Reeds-virtuoso and composer Anthony Braxton has spent half a century bridging contemporary music from bebop and improv to opera, and composing hundreds of original works – but the 67 tracks on this mammoth set rework the iconic jazz themes and classic pop songs that generally shelter under the collective title of “standards”. Braxton brought a handpicked songbook spanning from Thelonious Monk to Simon and Garfunkel to Europe for his 75th birthday celebrations in January 2020, recording them on tour with attuned UK partners Alexander Hawkins (piano), Neil Charles (bass), and Stephen Davis (drums). An invitingly open window on the world of a frequently implacable iconoclast, the collection nonetheless never swaps nostalgia for Braxton’s lifetime focus on the vividly malleable present and imagined future.
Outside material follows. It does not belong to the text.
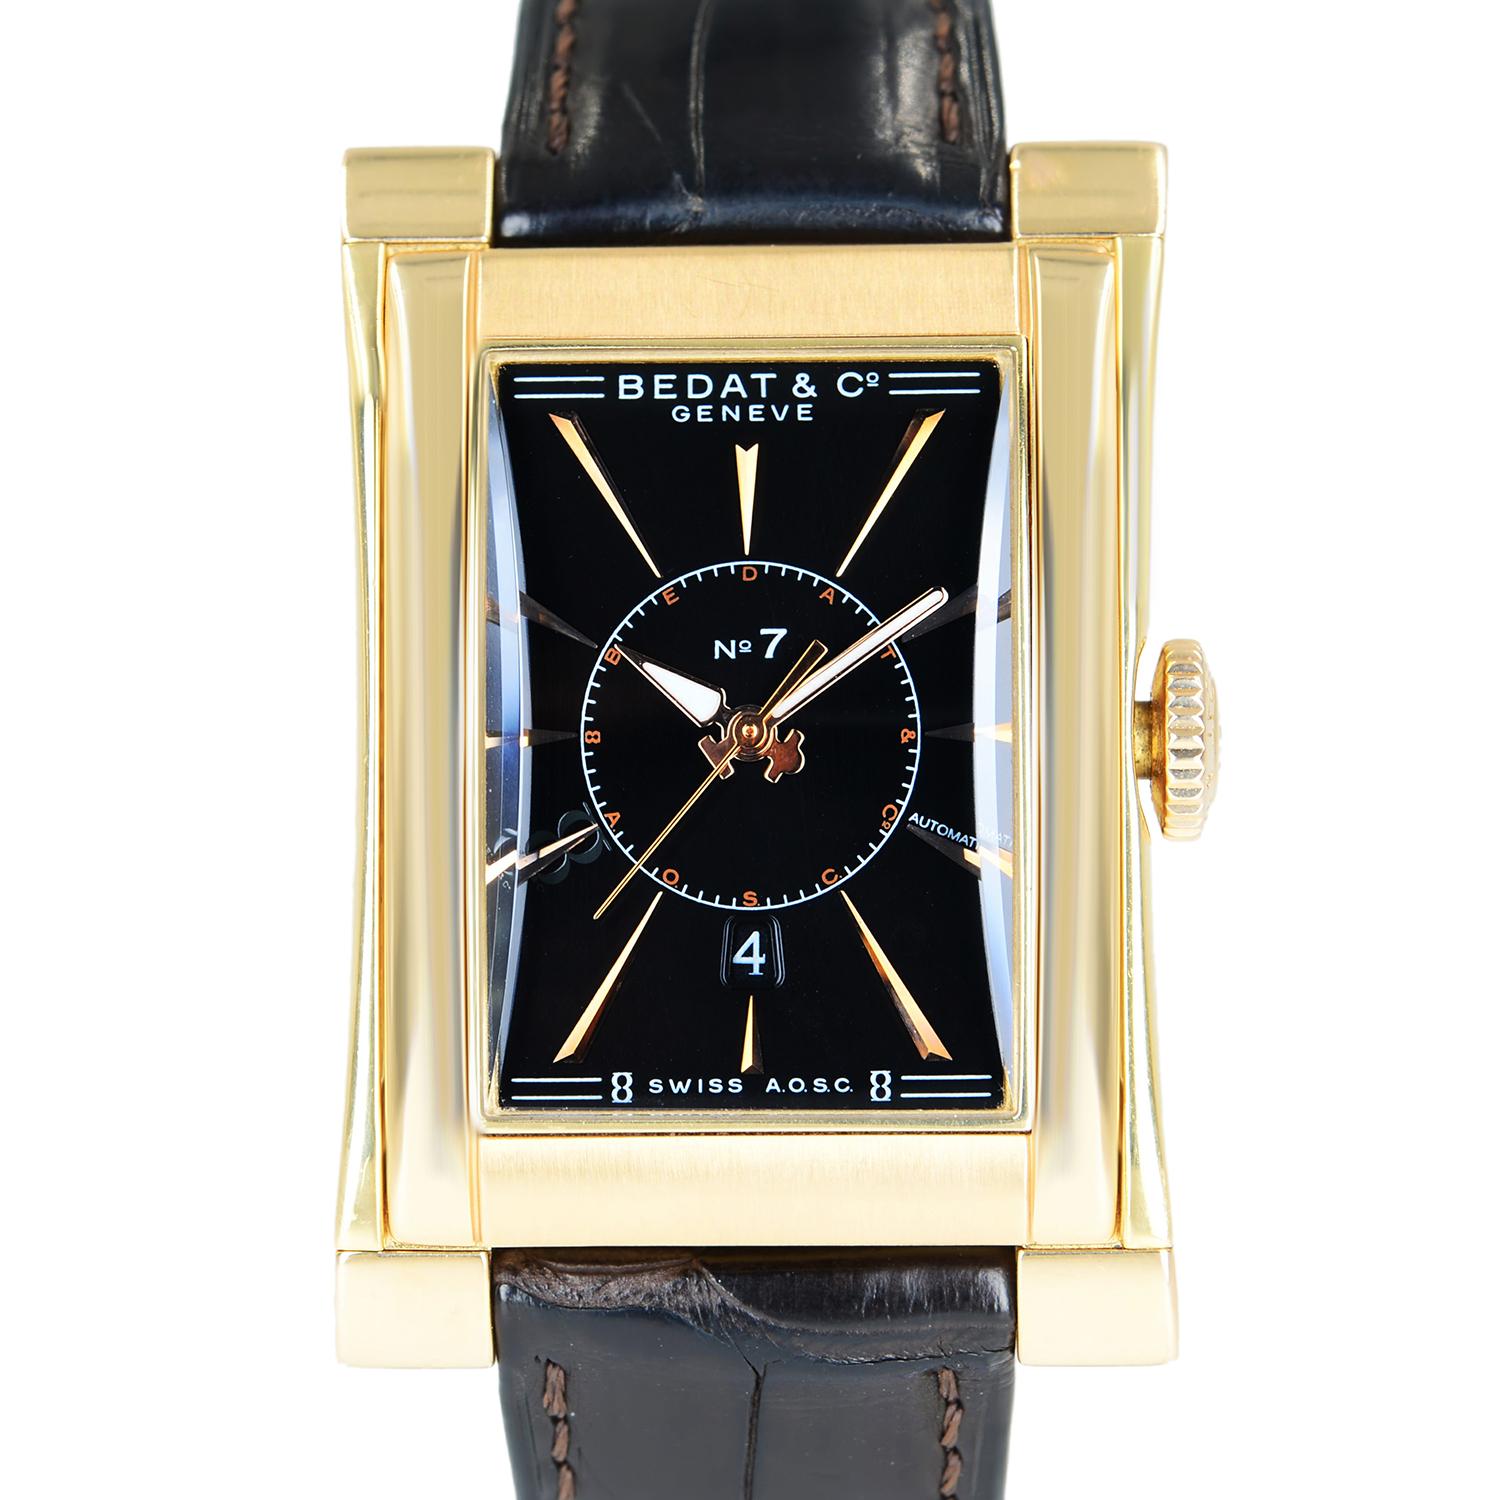 This pre-owned Bedat & Co Nº7  737 is a beautiful men's timepiece that is powered by mechanical (automatic) movement which is cased in a 18K yellow gold case. It has a  rectangle shape face, date indicator dial and has hand sticks style markers. It

Latin jazz, freebop, raw sound and traditional swing rub shoulders here. Monk’s Evidence is a limping free-improv distillation to sax blurts and arco-bass swipes, while Sonny Rollins’ famous Alfie theme opens in abstract bass-bowings and piano-string pluckings before Braxton’s plaintive alto melody arrives. The gracefully convoluted tune of Charles Mingus’s Peggy’s Blue Skylight becomes Braxton’s muttering, melodically capricious double-time sax improvisation, but it’s a less celebrated Mingus theme – Sue’s Changes, dedicated by Mingus to his wife – that epitomises Braxton’s audacity with ballad forms, simmering its central section down to exhalations of breath through the sax into the piano’s soundbox, and awed, tiptoeing free-improvisation. Nothing has been studio-polished, what you hear is what you get – but give or take a little tonal querulousness and bumpy timing, this is an astonishing chronicle from the living definition of a one-off.

Also out this month

Former Ornette Coleman trumpeter Don Cherry’s exhilarating The Summer House Sessions (Blank Forms Editions) – long-lost Swedish workshop recordings from 1968 joining European and Turkish participants – segue vividly between dancing folk tunes and horn-chasing, percussion-churning Ornetteish free-jazz. On Skylla (Vula Viel Records), former Melt Yourself Down bass guitarist Ruth Goller shares a bass-centred original project inspired by Greek mythology with singers Lauren Kinsella and Alice Grant. It’s eerily compelling, fearlessly personal music, lying somewhere between O Superman-era Laurie Anderson and a crunching, boldly-retuned Derek Bailey-esque reinvention of the bass guitar. Sometime Charles Lloyd sideman Julian Lage’s Squint (Blue Note), and young Brit Tom Ollendorff’s A Song for You (Fresh Sound New Talent) offer two traditional but very classy angles on the jazz guitarist’s art in a bass and drums trio – cool, bluesy and grooving in Lage’s version, chamber-musical and song-devoted in Ollendorff’s.